YOUR ASSIGNMENT:
With the pictures excluded, reproduce all of the data exactly.

INFORMATION SHOWN:
+ + + +

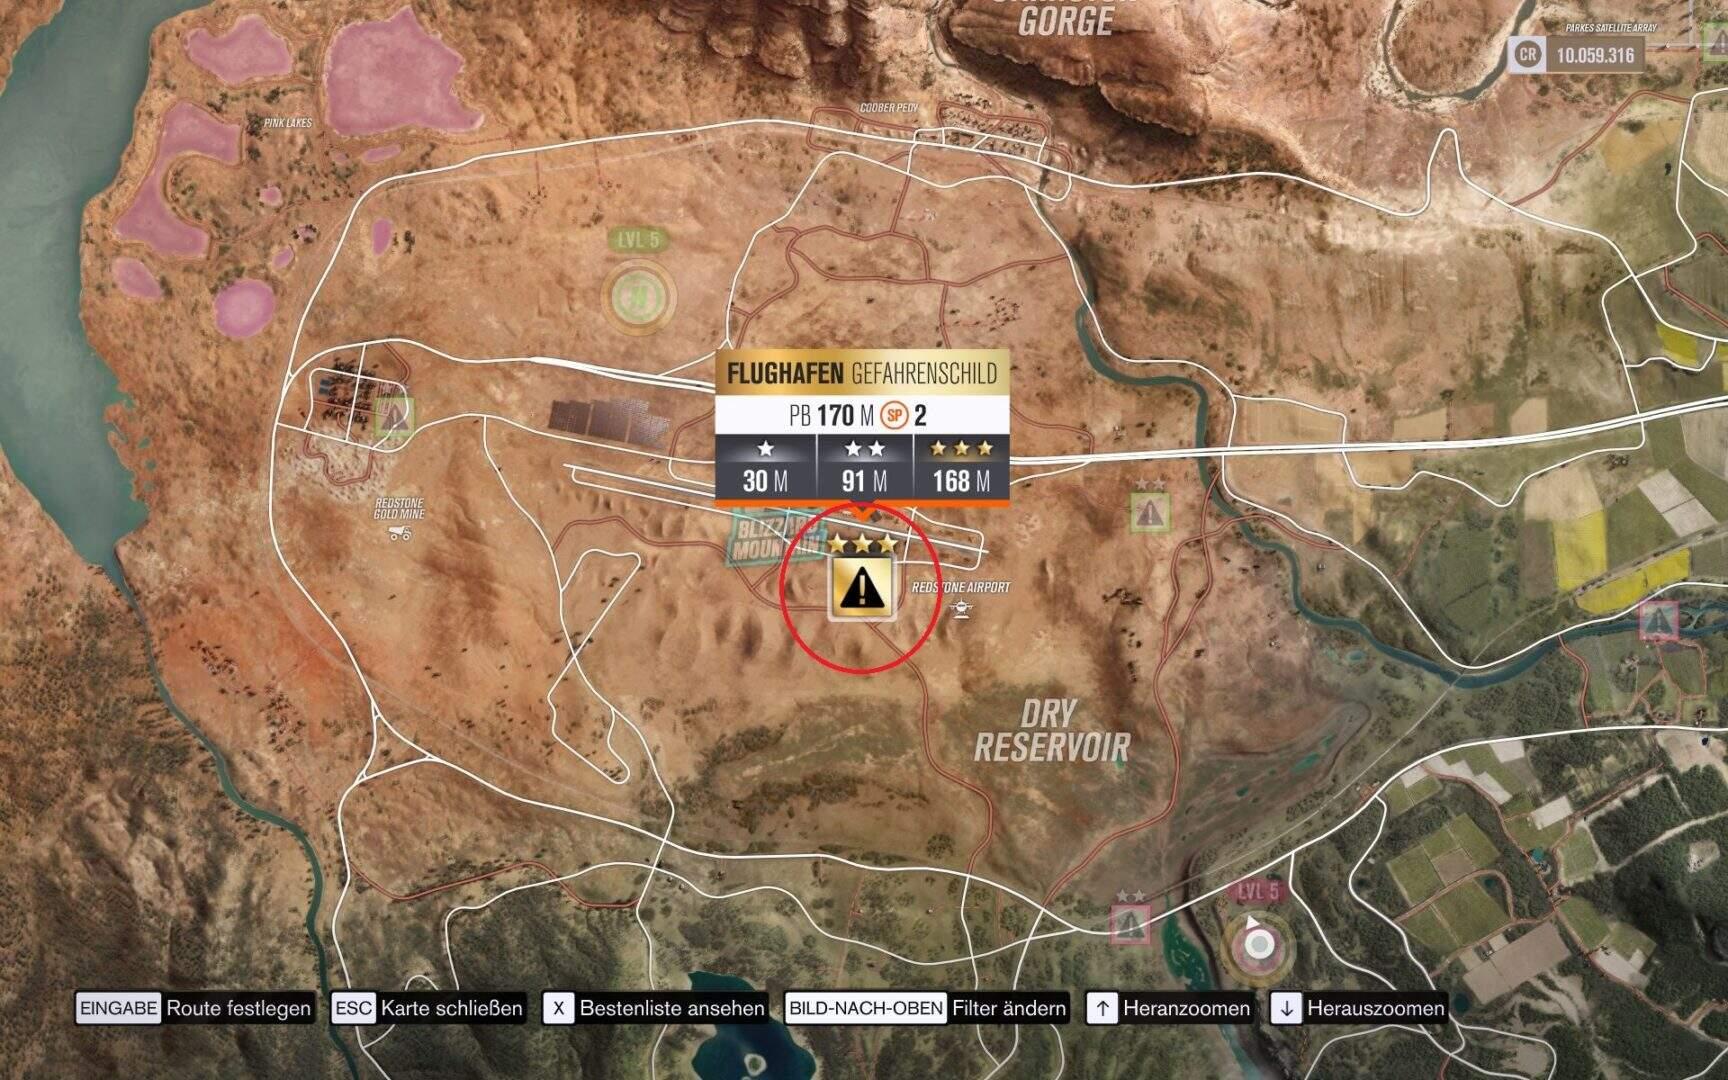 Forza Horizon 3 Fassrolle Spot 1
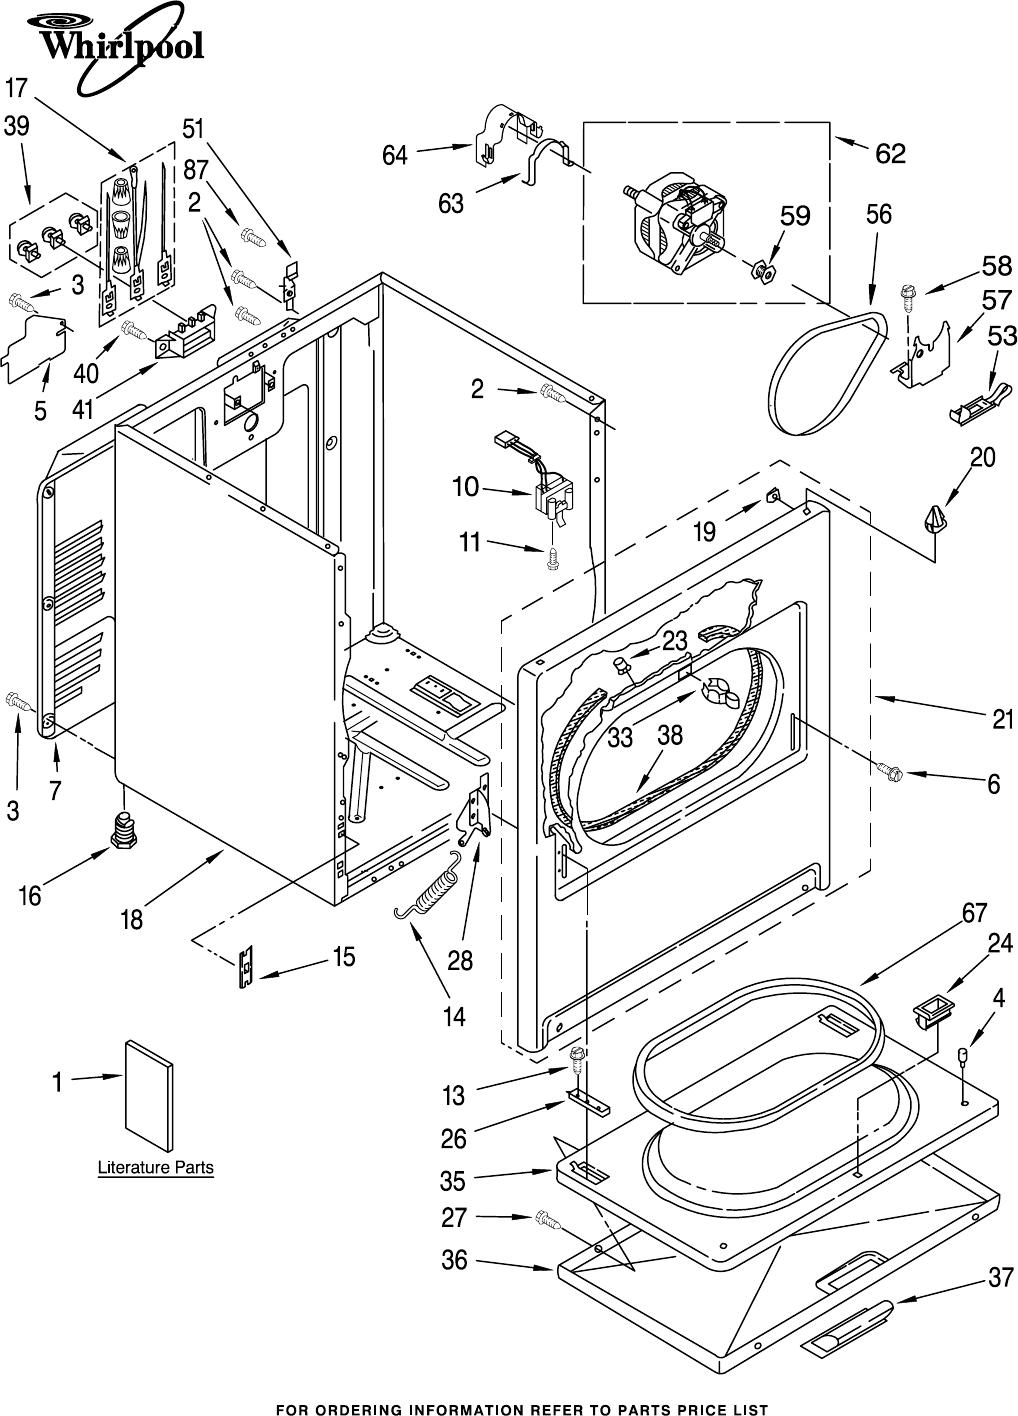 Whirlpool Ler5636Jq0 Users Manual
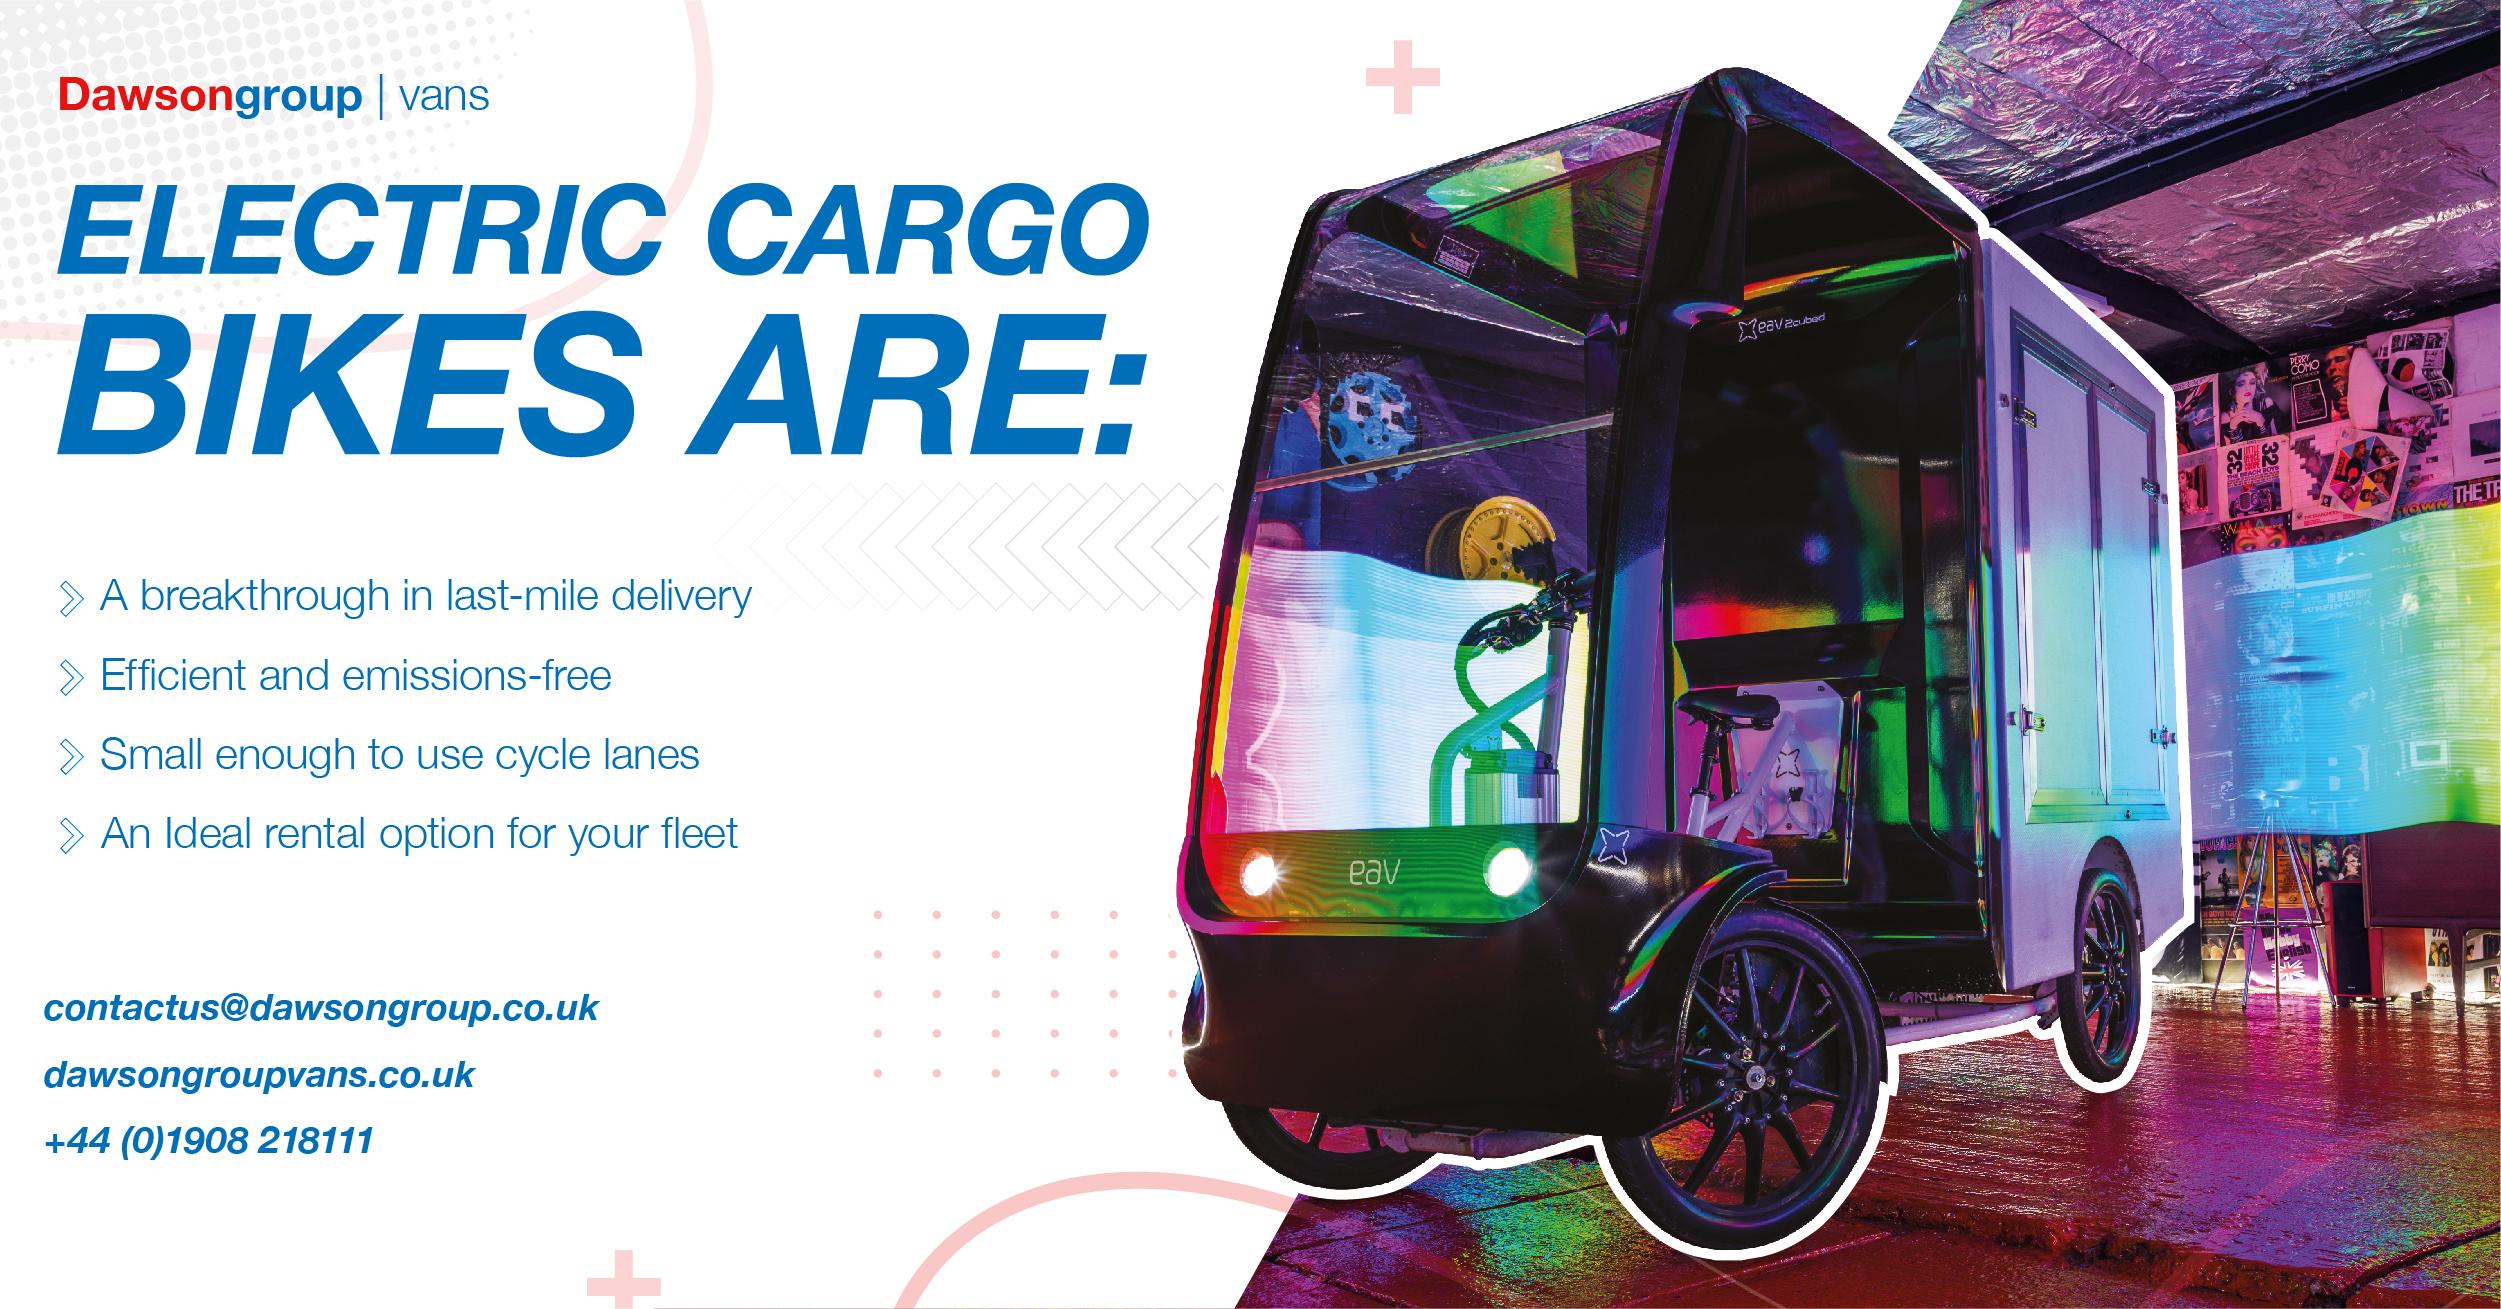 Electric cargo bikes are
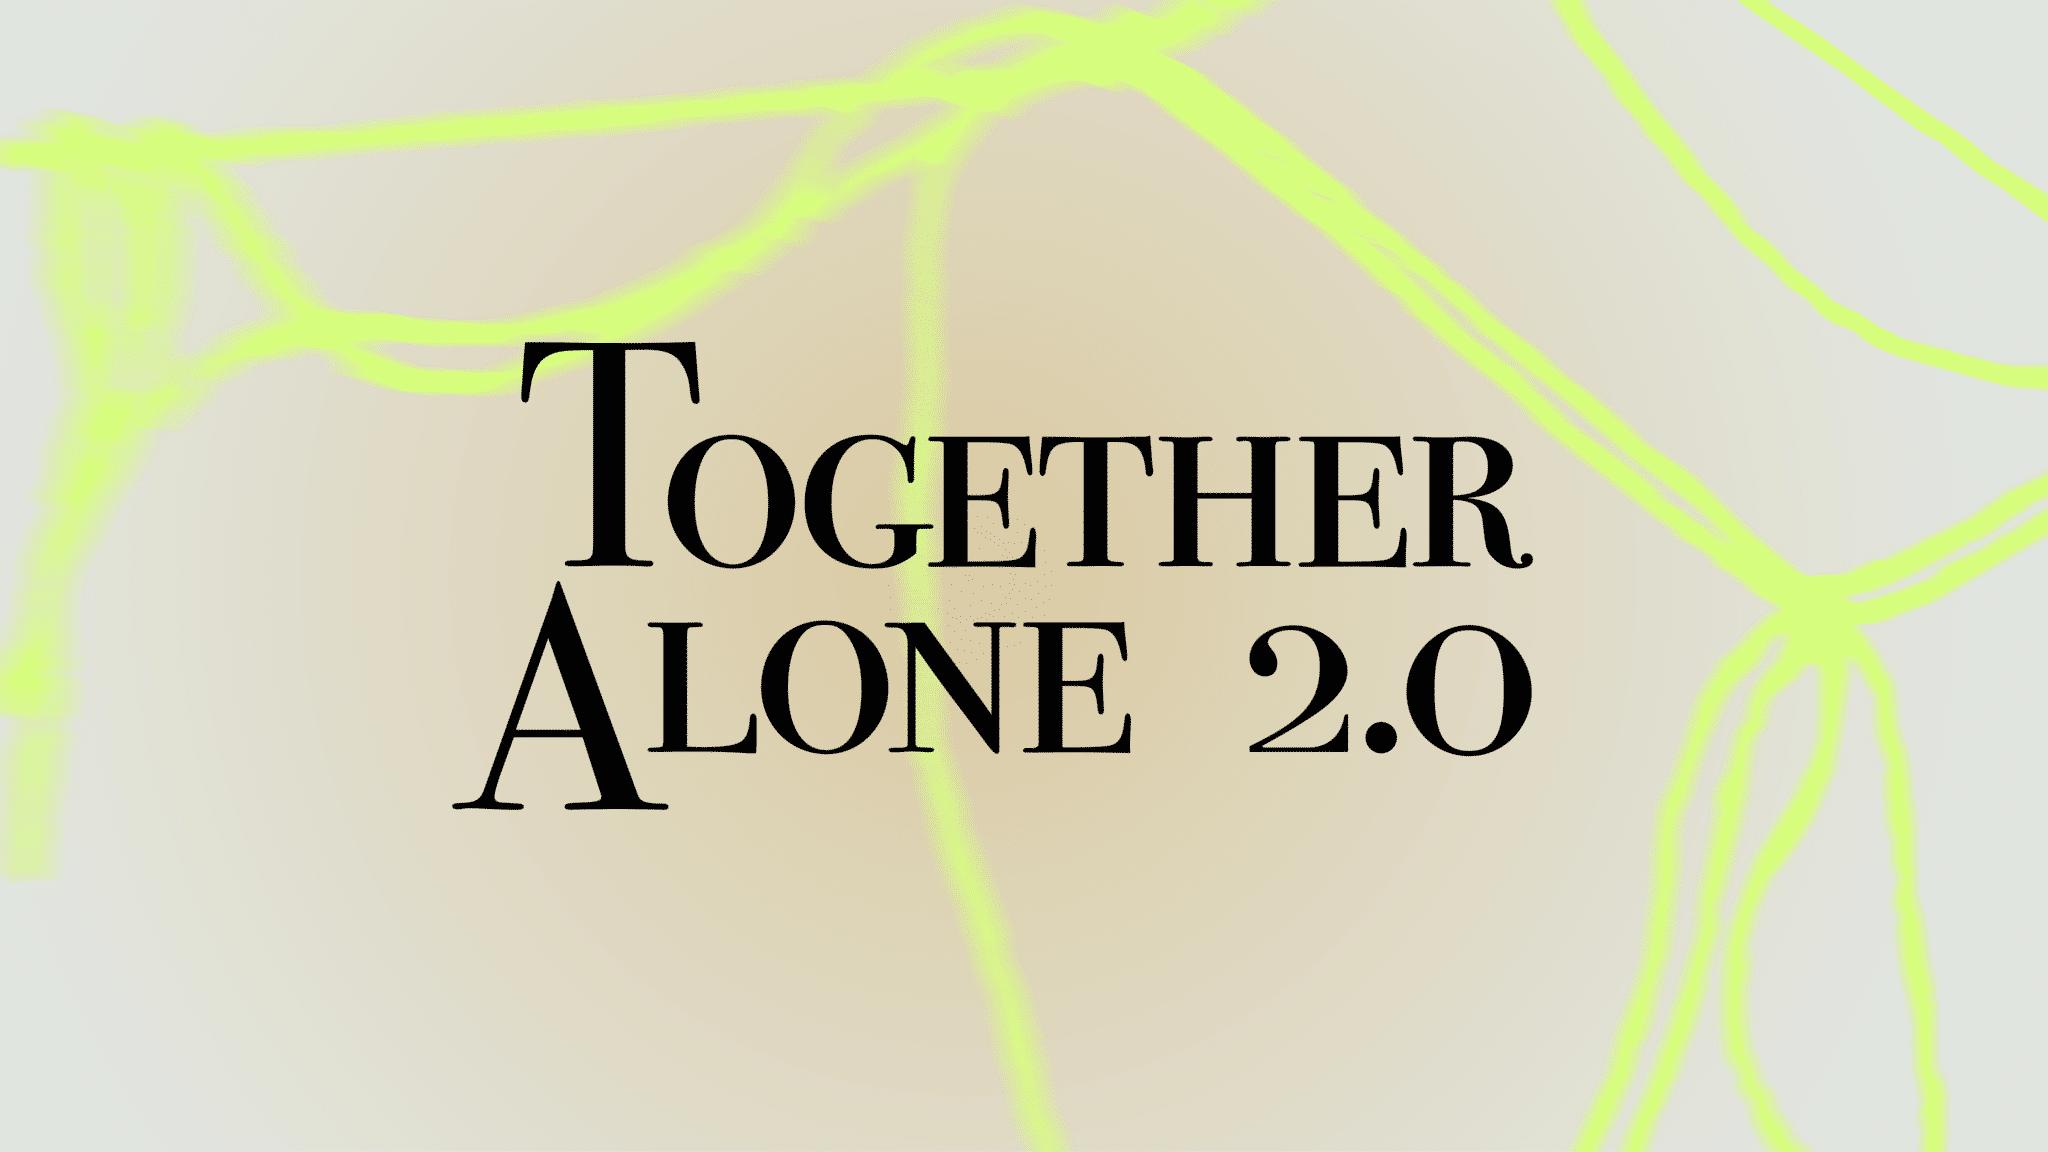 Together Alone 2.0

+ + + +

WRITTEN SOLUTION:
 Forza Horizon 3 Fassrolle Spot 1
 Whirlpool Ler5636Jq0 Users Manual
 Electric cargo bikes are
 Together Alone 2.0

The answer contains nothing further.